There has also been no additional funding to support musicians and touring artists who have suffered the double whammy of coronavirus and an end to visa-free touring in Europe and no provision for live events insurance, without which the industry will be reliant on support for much longer than necessary. The Scottish Government have stepped in with funds for the performing arts venue relief, for cultural organisations and the venues recovery fund, which has supported theatres and other performing arts venues across Scotland. That provision is supporting grassroots music venues and providing a stabilisation fund, furlough top-up payments and one-off grants for nightclubs and soft play centres. The UK Government can and should follow suit. Interventions have also been made in tourism and hospitality with no UK equivalent: in the wedding industry fund, the bed-and-breakfast hardship fund, the tour operators’ fund, and the events industry support fund. These tourism and hospitality businesses have lengthy supply chains, reaching all parts of the economy. It is not just the accommodation
provider, but the butcher, the baker, and the candlestick maker as well. The recovery from the pandemic will not begin when covid recedes, as businesses will simply move on to dealing with the Brexit crisis. We need to offer wide-ranging support for businesses in this regard.
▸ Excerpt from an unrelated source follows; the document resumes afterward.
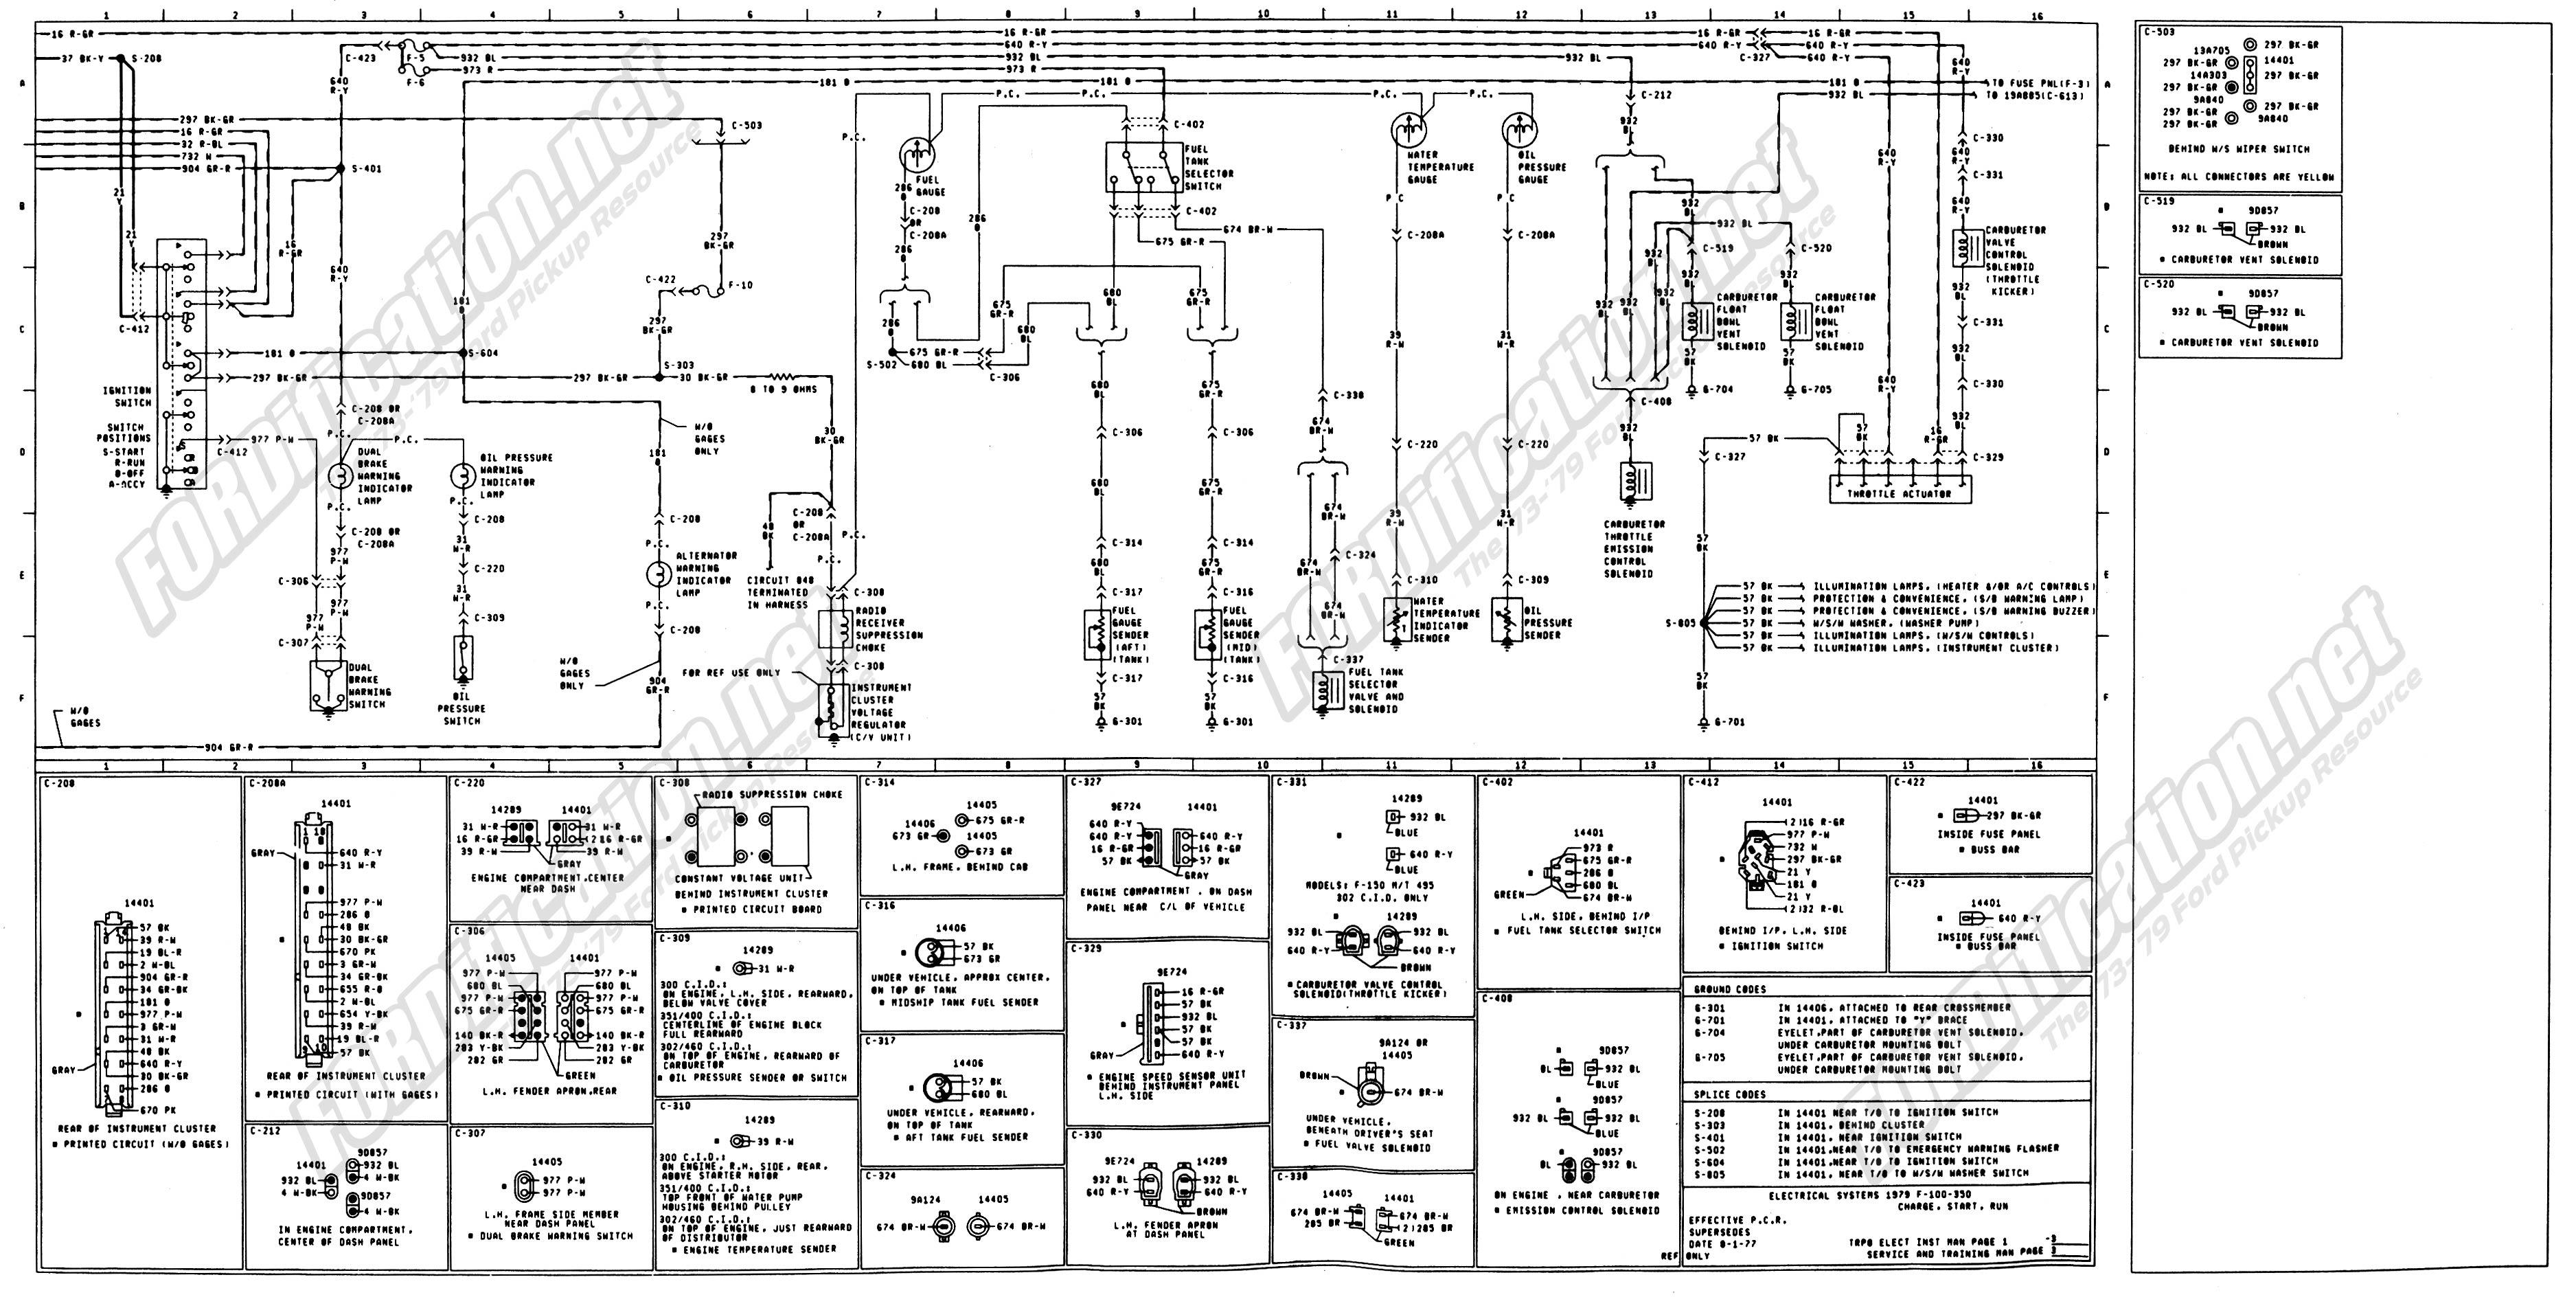 [DIAGRAM] 5 Wire Alternator Wiring Diagram 08 6 6 FULL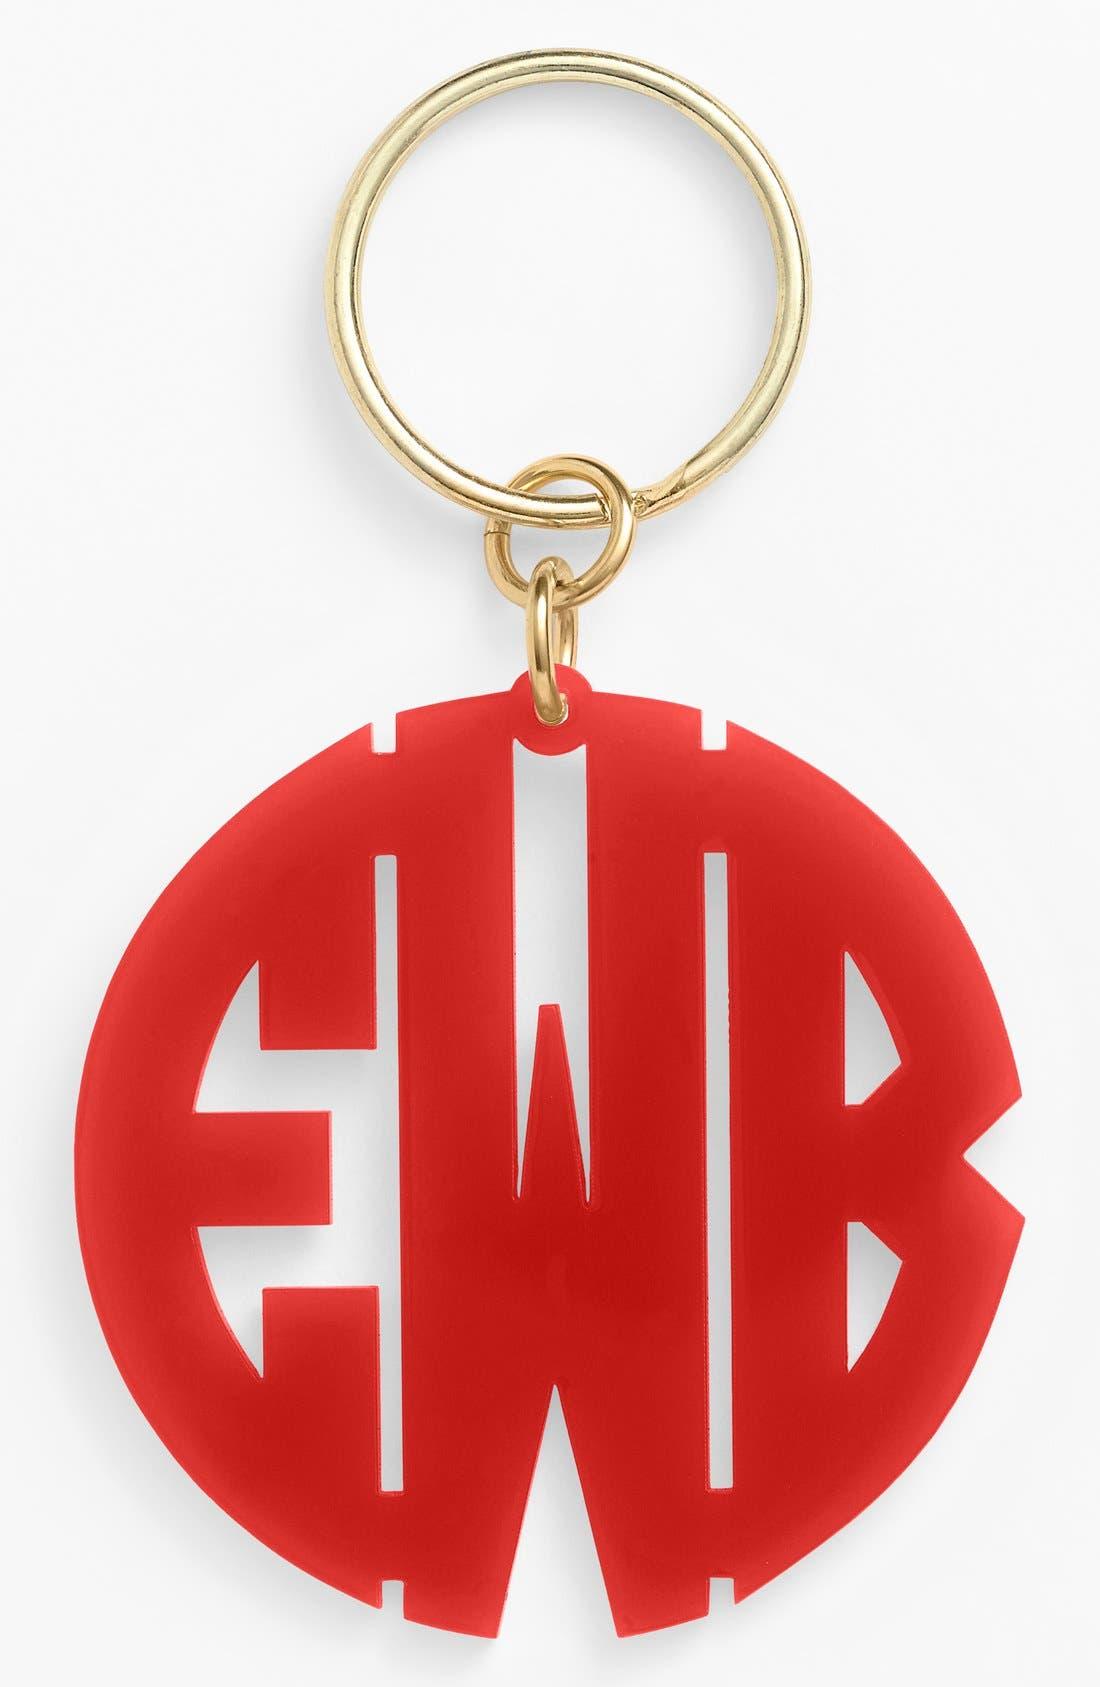 Personalized Monogram Key Chain,                             Main thumbnail 1, color,                             RUBY

Instead of offering loans, it would be better to convert loans to grants.
In conclusion, let me just make this observation: through the Barnett formula, Scotland is still dependent on problems being felt and choices being made in Whitehall in order to release the resources that we would wish to have in order to act in all the ways that we need. Scotland desperately needs borrowing powers, but as the UK Government take back control from the Scottish Parliament, they are also taking away resource and with it any reason for many to support the current constitutional and fiscal settlement. I am certain that that will not go unnoticed as we approach May’s election in Scotland.